His 0-60 burst, change-of-direction, and vertical explosiveness are tremendous. The manner in which he blends speeds to perplex defenses is clinical. He can chisel through dudes without smashing the gas pedal and risking erratic drives. He’ll shake free of swarming limbs by stopping on a dime or dialing up the accelerator; both are viable options and underscore his standout physical traits. He’s an NBA-ready athlete and processor who could be the centerpiece of a high-level offense in his prime, or even sooner.

With Simons, Sharpe, and Henderson all presumably best at the 1 or 2, worries of positional overlap and diminishing returns begin. A redux of building around guards, a la Lillard and C.J. McCollum, pops up, too. Those Lillard-McCollum squads fell short because McCollum didn’t prove a consistent co-star, along with sporadic wing and center play, not because of which positions Portland designated as pillars. The beauty of these three is their harmonic repertoires. They’ll spearhead great teams if they rise to that level enough, independent of position, and are surrounded by a group that augments them.

Simons and Sharpe are good-to-great floor-spacers. Henderson is working to stretch his range (30.2 percent from deep last season). Sharpe and Henderson pressure the rim. Simons is working to carry forward his 2022-23 improvements as a slasher. Simons and Henderson are accomplished creators. Sharpe is working toward that.

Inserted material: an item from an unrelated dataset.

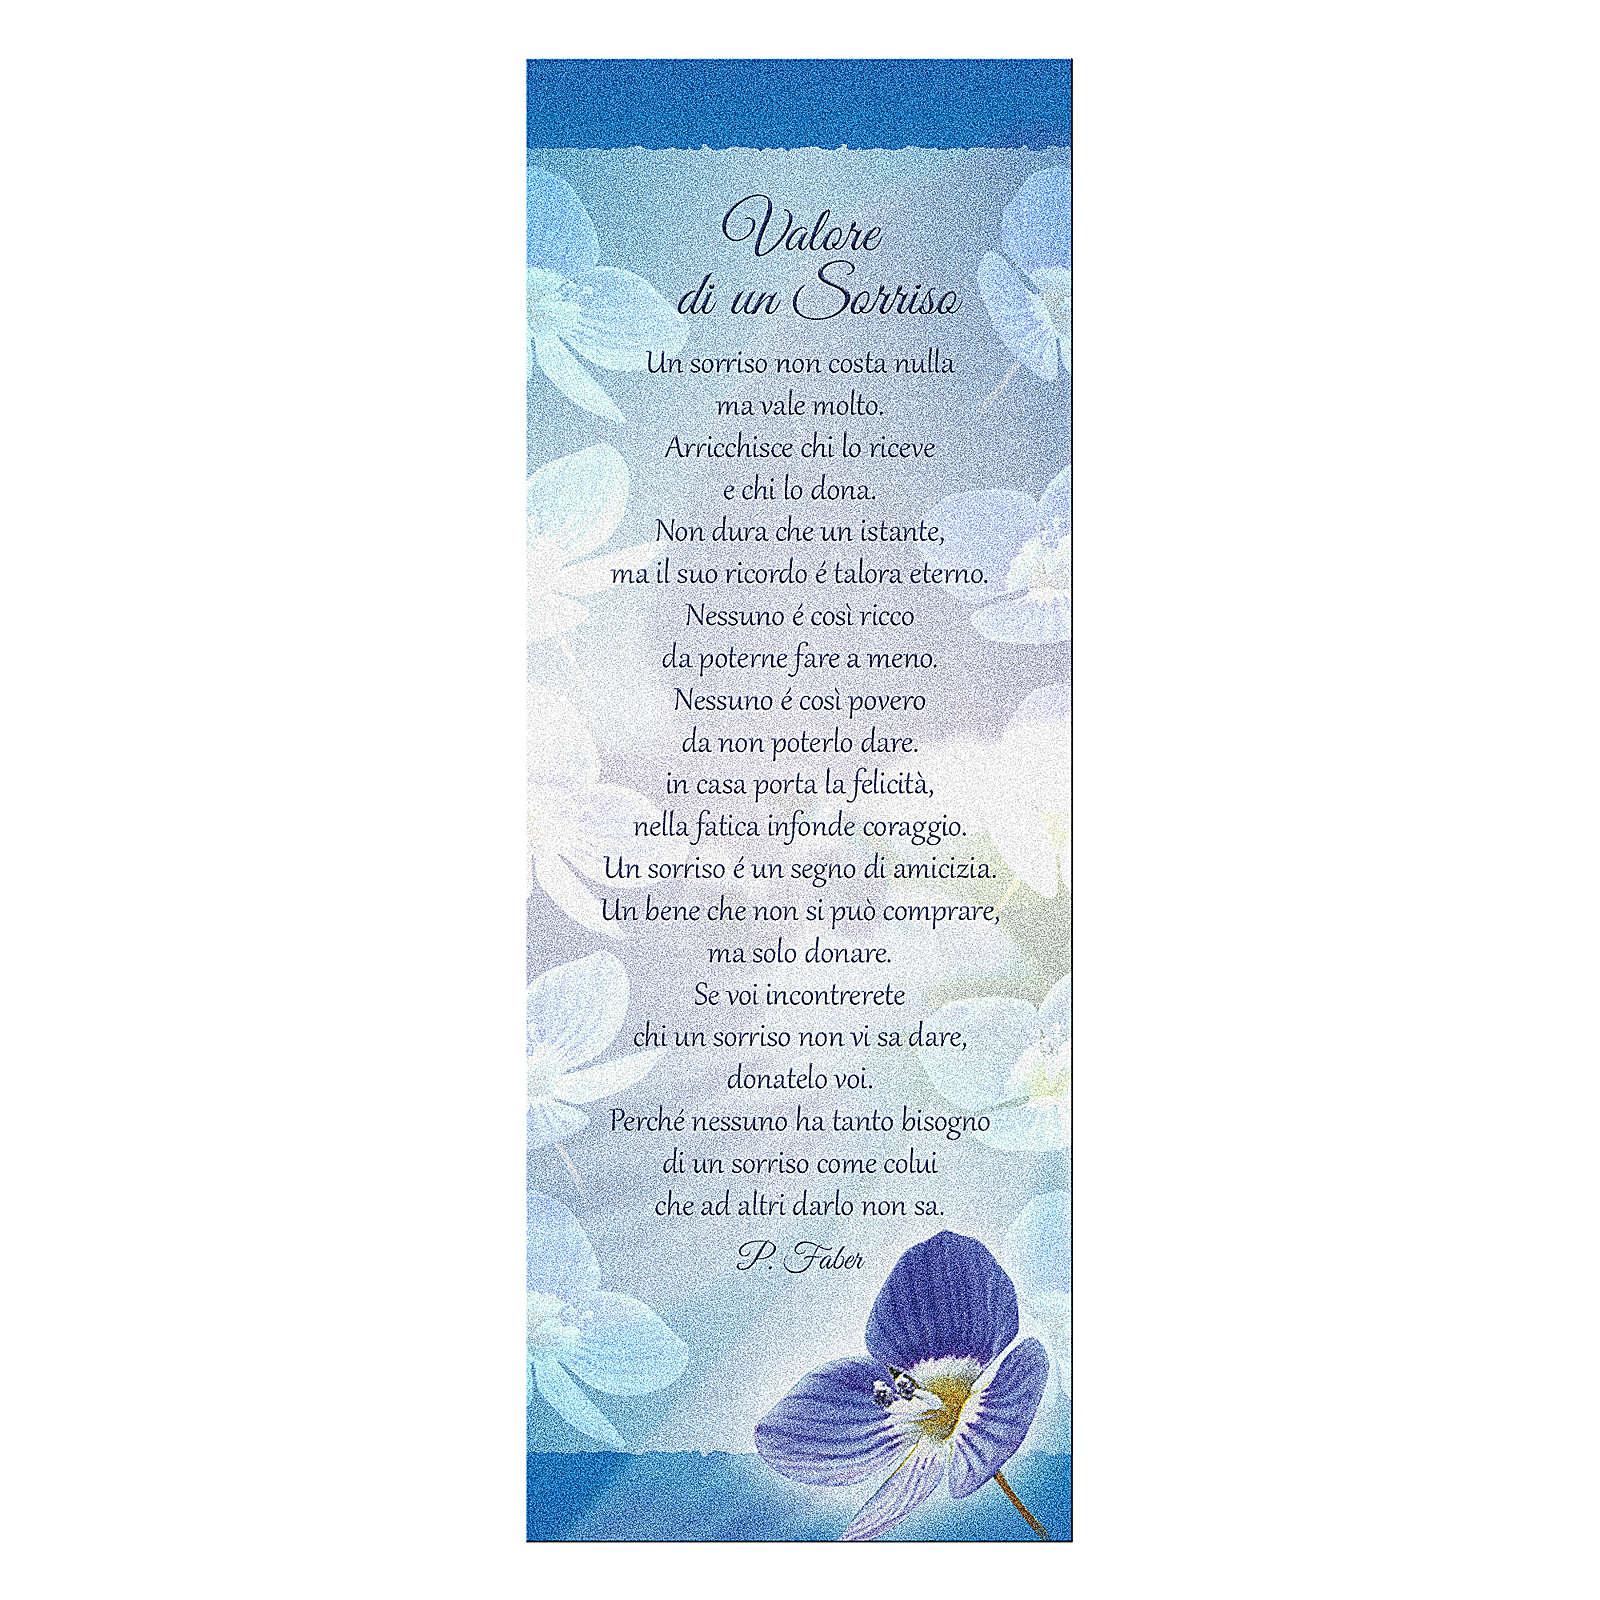 Marcalibros papel perlado Orquídea - Valor de una sonrisa 15x5 cm 4

All three can accommodate a lead ball-handler. Henderson garners a misguided ball-dominant label in some crowds, but is a good cutter, is comfortable around dribble handoffs, and began many possessions away from the action with Ignite. He is a useful off-ball cog and far from a non-factor. This team would also have time to discern who the ideal backcourt pairing is. Heck, maybe, Sharpe at 6’6 with a 7-foot wingspan ends up being a 3 and his formative years reveal that the trio is functional together. A rebuild would present opportunities to learn whether they are, with fewer worries about impending win-loss results.

None of this even mentions the haul the Blazers would accrue for Lillard if that’s the direction they go. They would receive various first-round picks, even if it’s perhaps not as many as they or their fans seek in return for Lillard. The launching point is not solely Simons, Sharpe, and Henderson, which is a pretty good spot if it were. Between those from their hypothetical trade partner and their own, they would wield a slew of firsts to land complementary players around their youthful triad. They would be unburdened by win-now rigors, a pressurized necessity borne from the luxury of rostering someone as incredible as Lillard.

The Blazers might make some tweaks that appease Lillard and aim to return to the playoffs in a crowded Western Conference. They also might be maneuvering without him in the fold for the first time in a long time and have their eyes fixated away from the 2024 playoffs. If they do, hope still exists, despite the understandable melancholy a post-Lillard reality may inspire for fans. There is promise on the horizon, all the while acknowledging the challenging path awaiting them. That promise is a ship captained by Anfernee Simons, Shaedon Sharpe, and Scoot Henderson.